Cara dropped to her knees and threw her arms around the dog, hugging the strange, too-solid flesh close to her. It was warm against her cheek, and rough. It smelled like cardamom and soil. It went still, like it wasn’t sure what do with her affection and joy, and it stayed still until she released it.
“Over here,” she said, stumbling back to the pond. She gestured in the darkness. And maybe the dogs could see her, because they followed. Starlight glimmered in their bulging eyes.
Xan’s funeral whites glowed in the darkness, a paler shadow. The dogs gathered around him, and it was like watching what was left of Xan dissolve. Darkness consuming darkness.
“He’s my brother,” Cara said. “A truck hit him. It killed him, like with Momma bird. But I need him back. And you brought her back, so you can bring him back too, can’t you? I mean you can, can’t you?”
She was babbling, and the dogs didn’t respond. Mostly blind, she stepped in close, her hands on their backs. The dogs were still and quiet as statues. And then one began making its ki-ka-ko call, and the others picked it up until it felt like a choir around her. Until her head spun with it. She sank to her knees to keep from losing her balance. In the sky, the stick moons glittered green and white and blue. The stars looked warmer than their lights.
Xan bobbed up to the surface of the darkness. The dogs were carrying him, one under him bearing his weight on its back. Others holding his arms and legs to steady him as they walked.
“You can, can’t you? You can fix him?”
The dogs didn’t answer. Xan floated out to the trees, and then behind them. And then there was only the sound of the dogs walking.
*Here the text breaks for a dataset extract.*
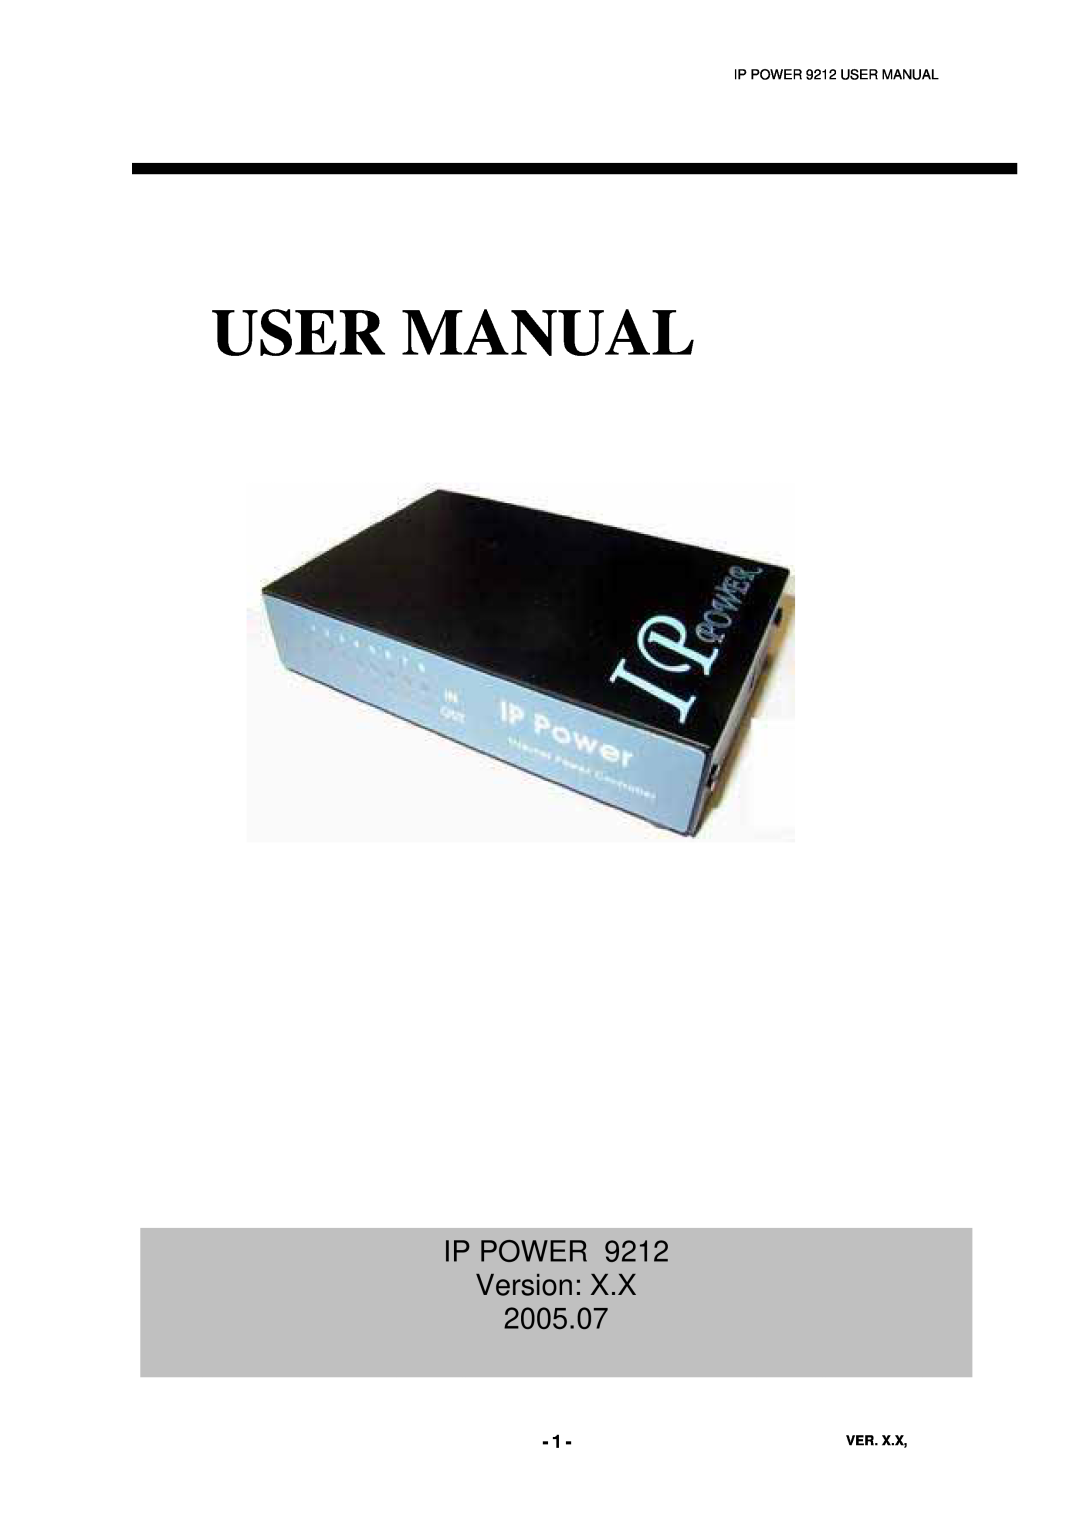 New Media Technology manual User Manual, IP POWER Version 2005.07, IP POWER 9212 USER MANUAL

Then not even that.
Cara sat by the water, hugging her knees. Slowly, the natural sounds of the night came back: the trill of insects, the trill of birds. A high, fluting call from something a long way off, and an answering call from even farther. The stillness cooled her, but not badly. All she had to do now was wait.
Voices woke her. They were calling her name, and she couldn’t remember where she was. It wasn’t her bed or her room or her house, because there was a dawn-stained sky overhead. Her clothes were wet with dew.